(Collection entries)
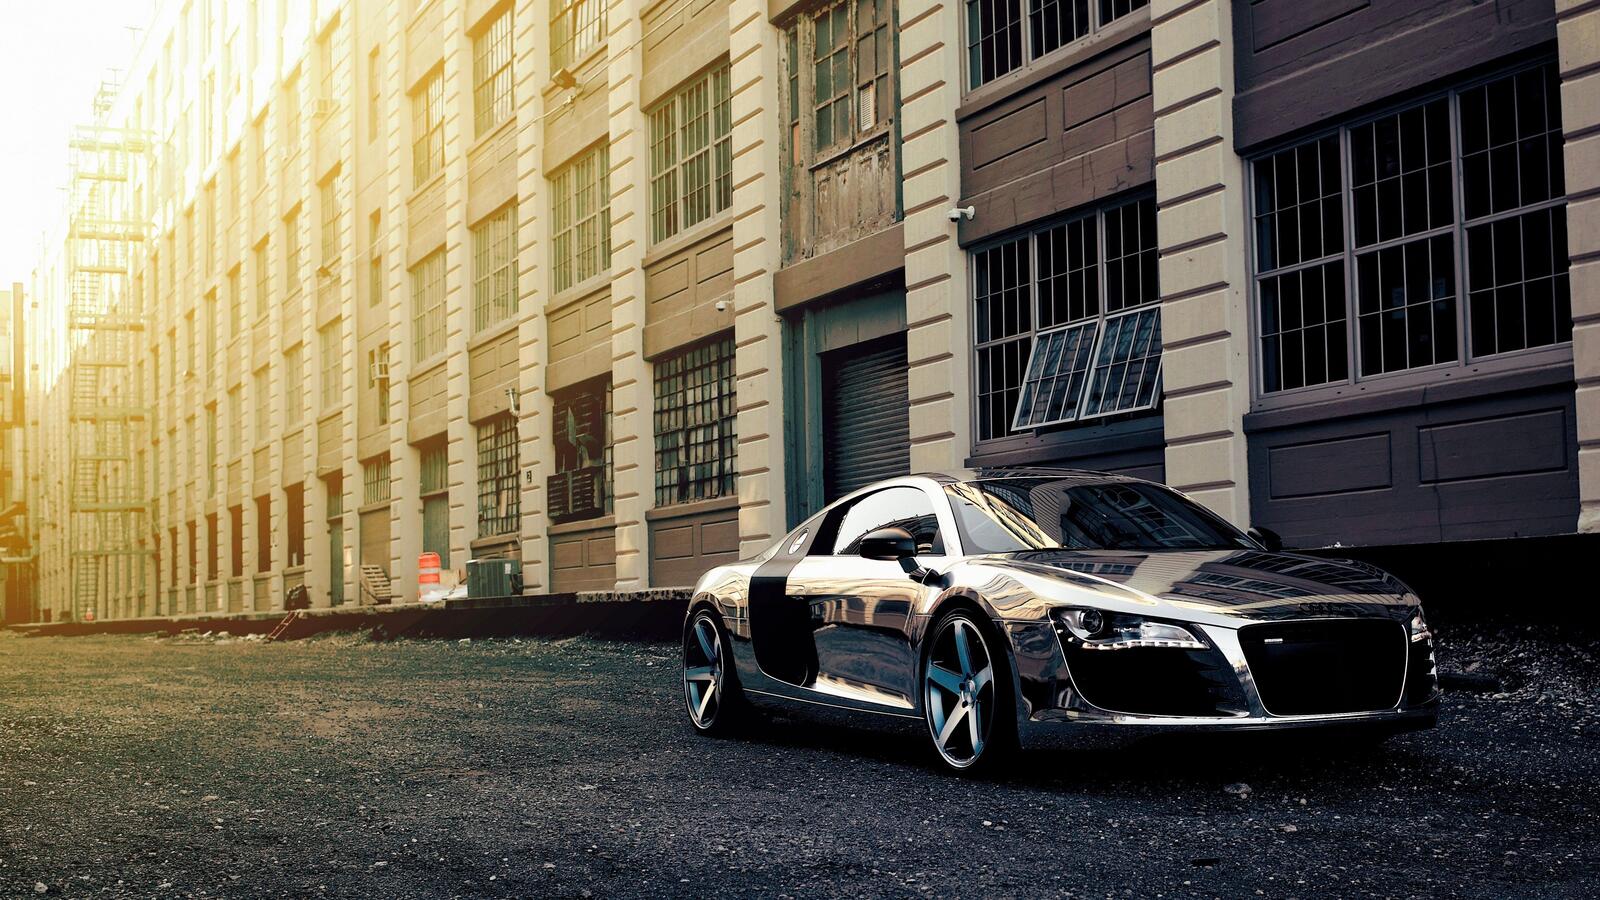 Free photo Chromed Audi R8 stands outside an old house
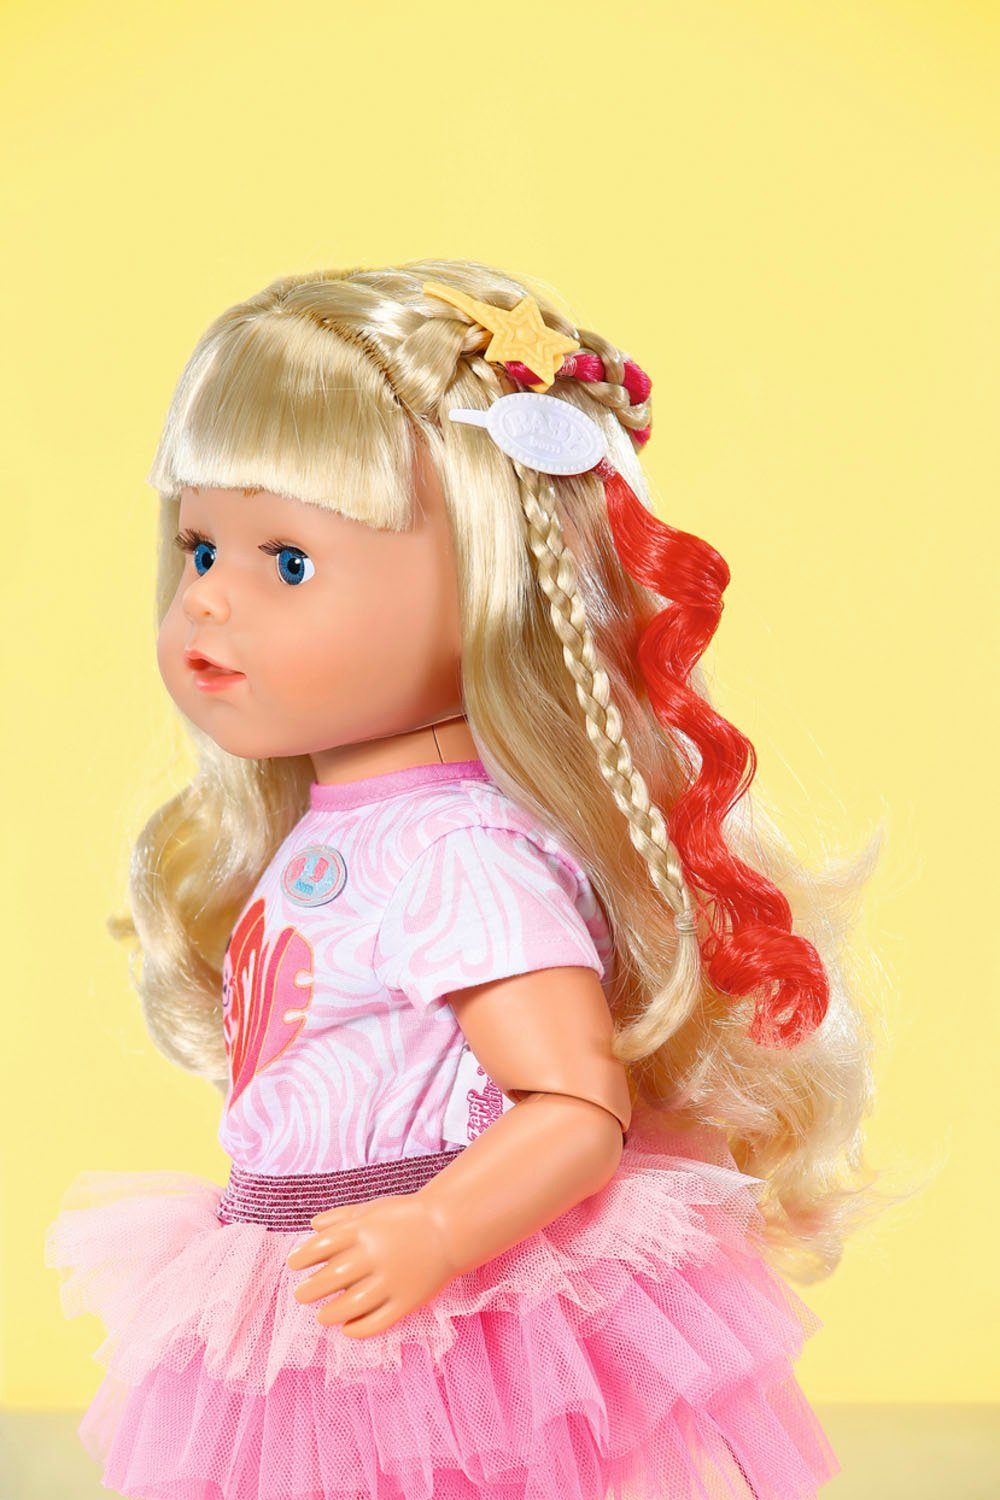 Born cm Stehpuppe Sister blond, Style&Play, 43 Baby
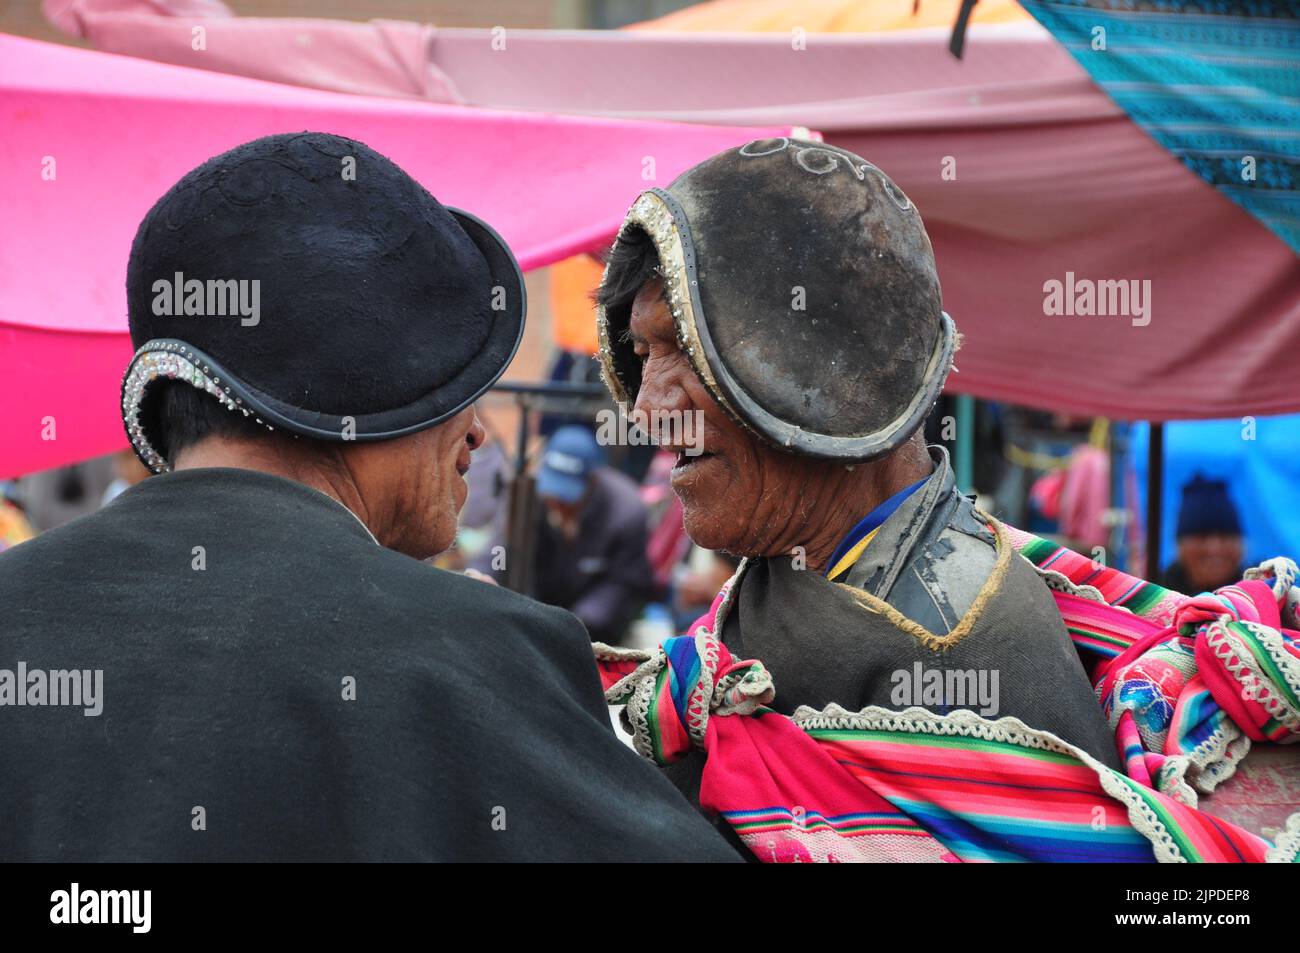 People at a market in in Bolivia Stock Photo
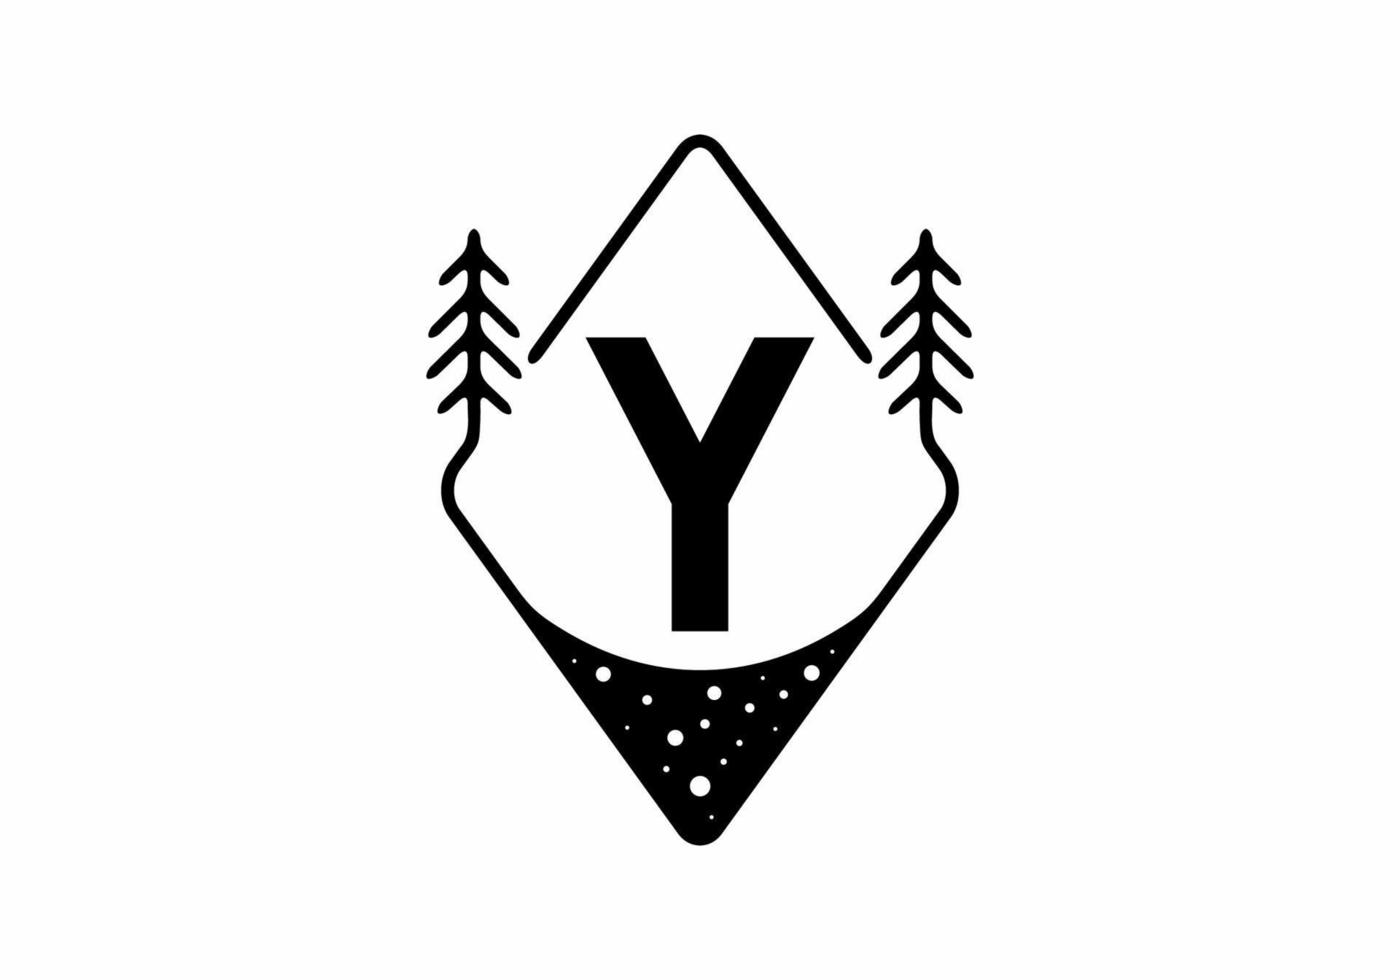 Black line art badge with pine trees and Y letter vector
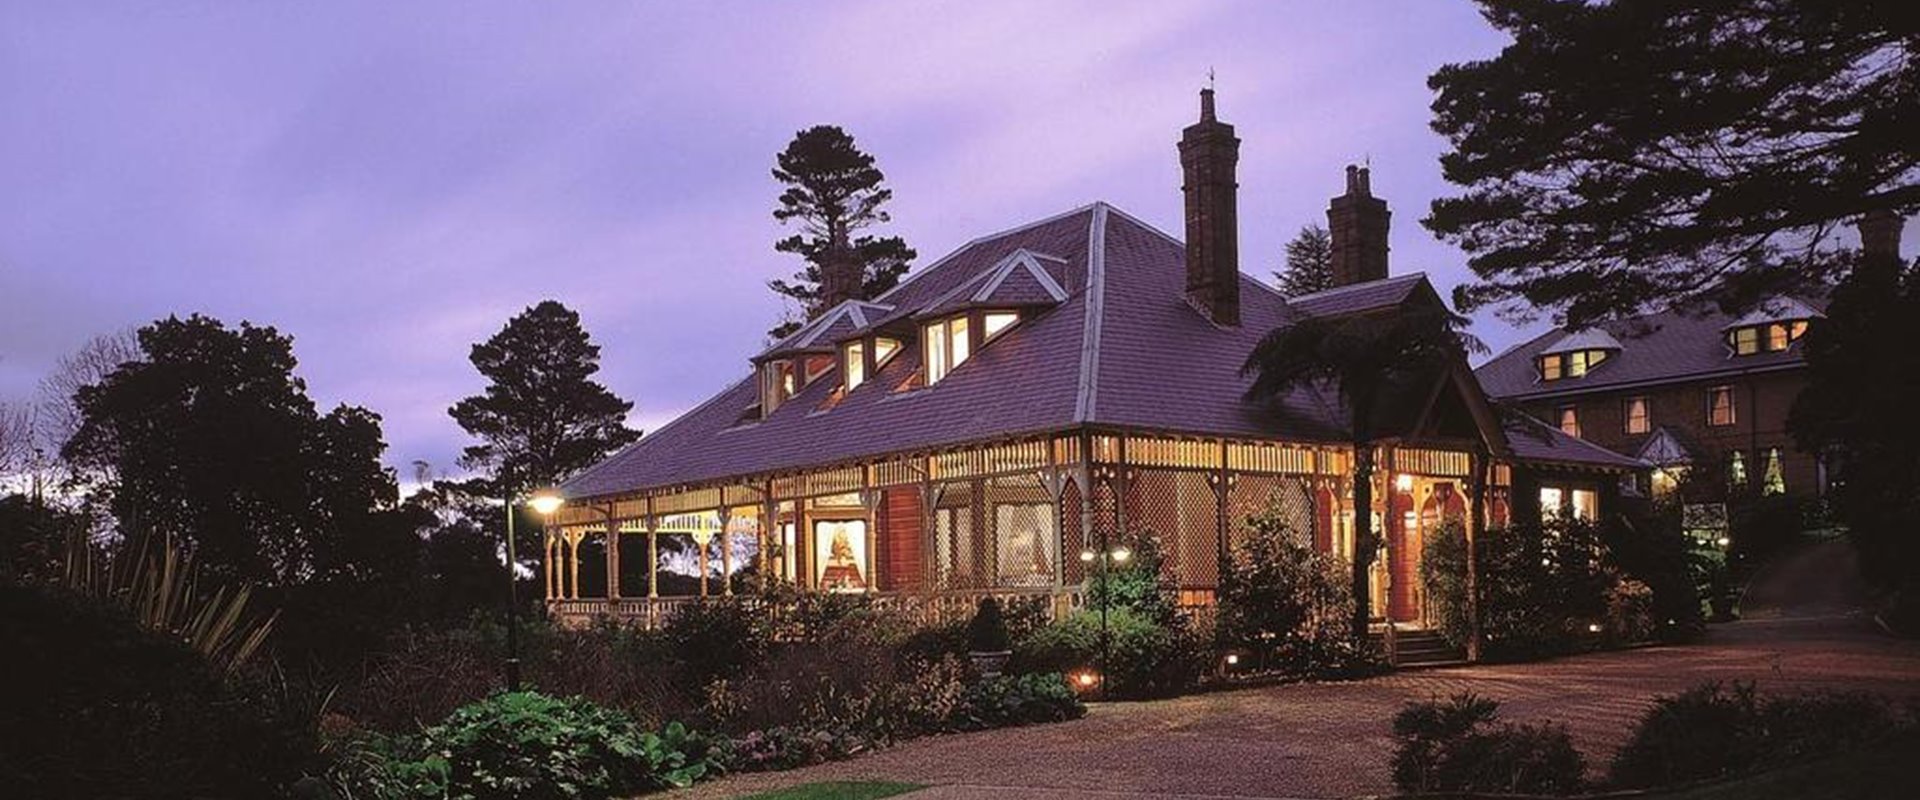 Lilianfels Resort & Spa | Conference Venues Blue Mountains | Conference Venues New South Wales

### Problem statement:
Go through the records and repeat each one exactly, skipping anything that is a picture.

### Problem solution:
 Free photo Chromed Audi R8 stands outside an old house
 Born cm Stehpuppe Sister blond, Style&Play, 43 Baby
 People at a market in in Bolivia Stock Photo
 Black line art badge with pine trees and Y letter vector
 Lilianfels Resort & Spa | Conference Venues Blue Mountains | Conference Venues New South Wales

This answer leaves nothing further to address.